Matriculants entering medical school in the 2018–2019 admissions cycle registered a 3.72 mean grade-point average (GPA) in their undergraduate coursework, according to the Association of American Medical Colleges. Still, if you underperformed in undergrad but dream of working as a physician, you have options.
John D. Schriner, PhD, is associate dean for admissions and student affairs at Ohio University Heritage College of Osteopathic Medicine, one of 37 member schools of the AMA’s Accelerating Change in Medical Education Consortium. He spoke about how a candidate with a below-average undergraduate GPA can make a career as a physician a reality.
How much does GPA matter?
A student’s GPA and scores on the Medical College Admissions Test tend to be the key metrics factored in the admissions process. A recent AAMC study included a list of the most important factors admissions offices considered when looking at potential medical students.

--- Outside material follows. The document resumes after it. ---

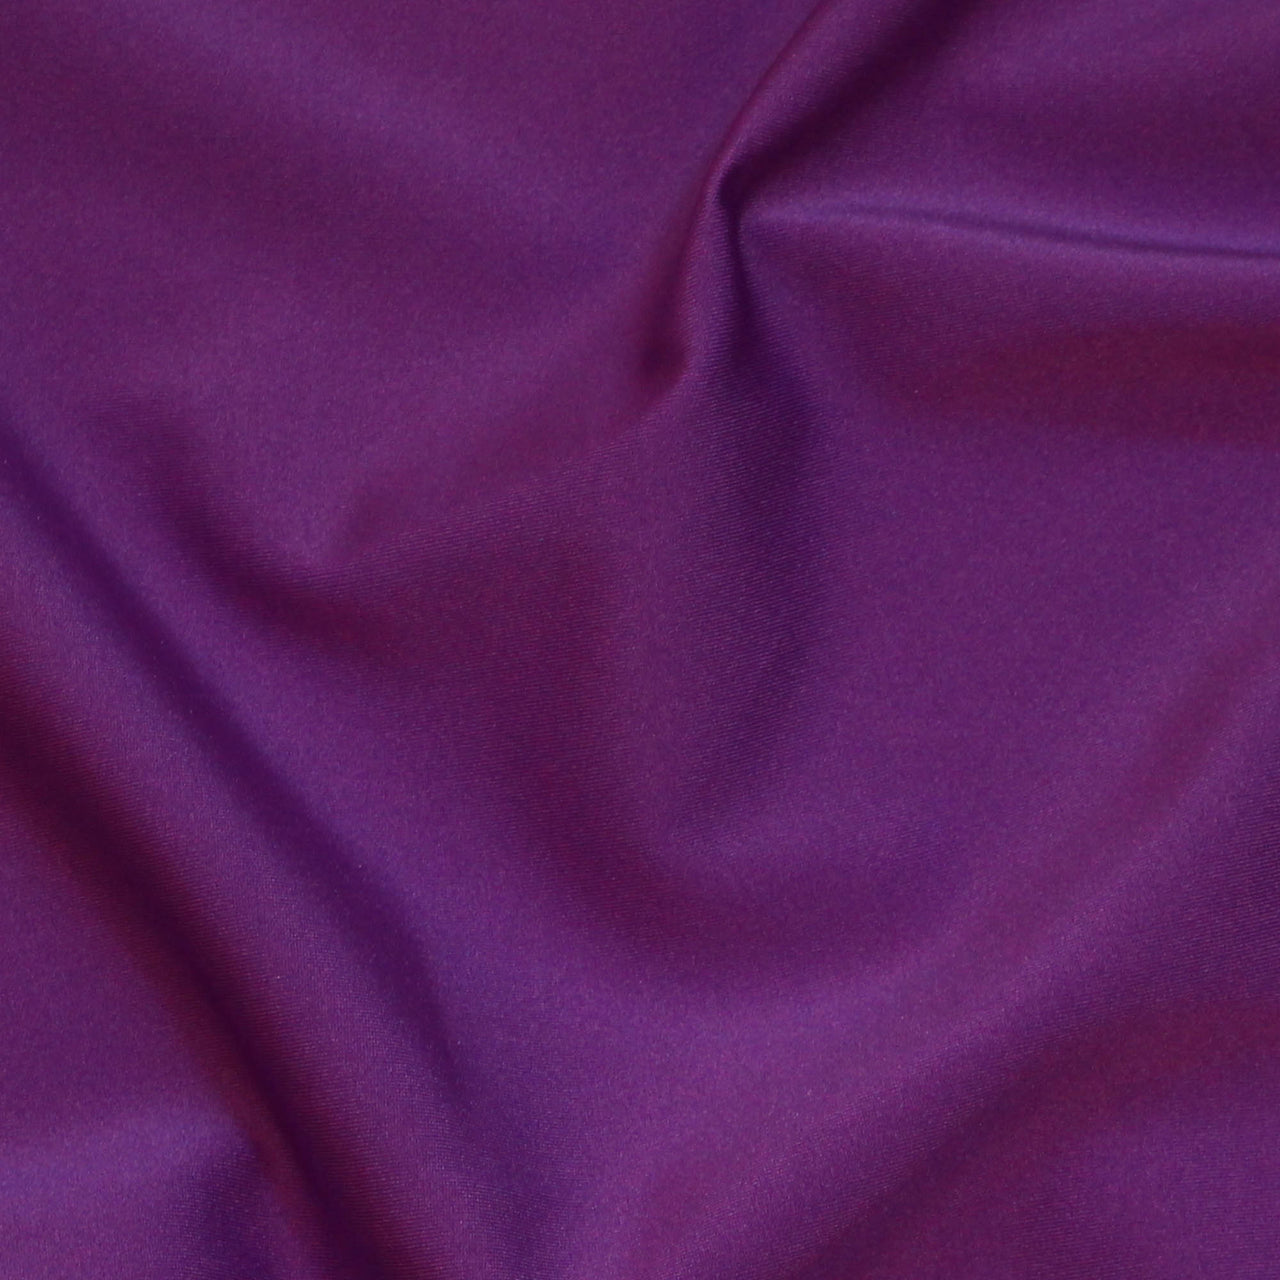 Purple - Nylon Spandex Fabric - 4 Way All Way Stretch Superior Quality - Leotards, Dancewear

MCAT scores and grade-point averages were listed among the categories of criteria given highest weight. However, with medical schools striving to understand the broader competencies a candidate brings to the table, they report also considering a number of less tangible factors, such as leadership and interview results, community service, and volunteer work inside and outside of medicine.
“We rely on the holistic view in the admission process,” Schriner said. “That being said, GPA is very important. You can predict future success by looking at past success and looking at one’s academic track record is often a good barometer of how they might fare.”
Which numbers matter most?
Your GPA in the sciences is going to have more weight than your overall GPA, but that doesn’t mean a student can mail it in outside of their core coursework.
“Just because you’re focusing on bio-chem doesn’t mean it’s OK to blow off art history,” Schriner said. “You should be concerned about your entire academic performance.”
When schools get an applicant’s grades, they are broken down to include the GPA for each year, GPA in science-related classes, and overall GPA. If you show improvement later in your undergraduate studies, that helps, Schriner said.
“When looking at GPA, you don’t just look at the raw number, you’re looking at trends in grades, along with the depth and breadth of science coursework. An upward trend is always something that you want to see,” he said.
What if your undergrad GPA doesn’t cut it?
If you apply to medical school and don’t get in, it’s wise to solicit feedback from an admissions office employee. Schriner said he’s glad to offer advice. In cases when an applicants’ GPA is holding them back, he recommends they get back in the classroom and enhance their academic profile. One option for students looking to boost their academic metrics is to enroll in post-baccalaureate programs designed for medical school applicants that have a focus on science. You can also strengthen your credentials by pursuing a master’s degree in a biomedical science related subject.
“If you’re someone who has a low science GPA and is trying to bolster that profile, depending on where you’re coming from a post-bacc program may enhance your viability,” he said. “You want to light it up with your performance. You have to make the most of that post-bac or graduate work.”
An applicant can also do volunteer work or add life experience, perhaps in the community service arena, to help bolster their chance for admissions. This, however, does not always offset a subpar GPA. In the end, there’s no exact formula, Schriner said.
“Sometimes there are folks with a little below average science GPA, but they excel and have an incredible MCAT score. Maybe somebody has another skill set or life experience that really fits the bill for our mission,” he said. “It comes down to a case-by-case basis.”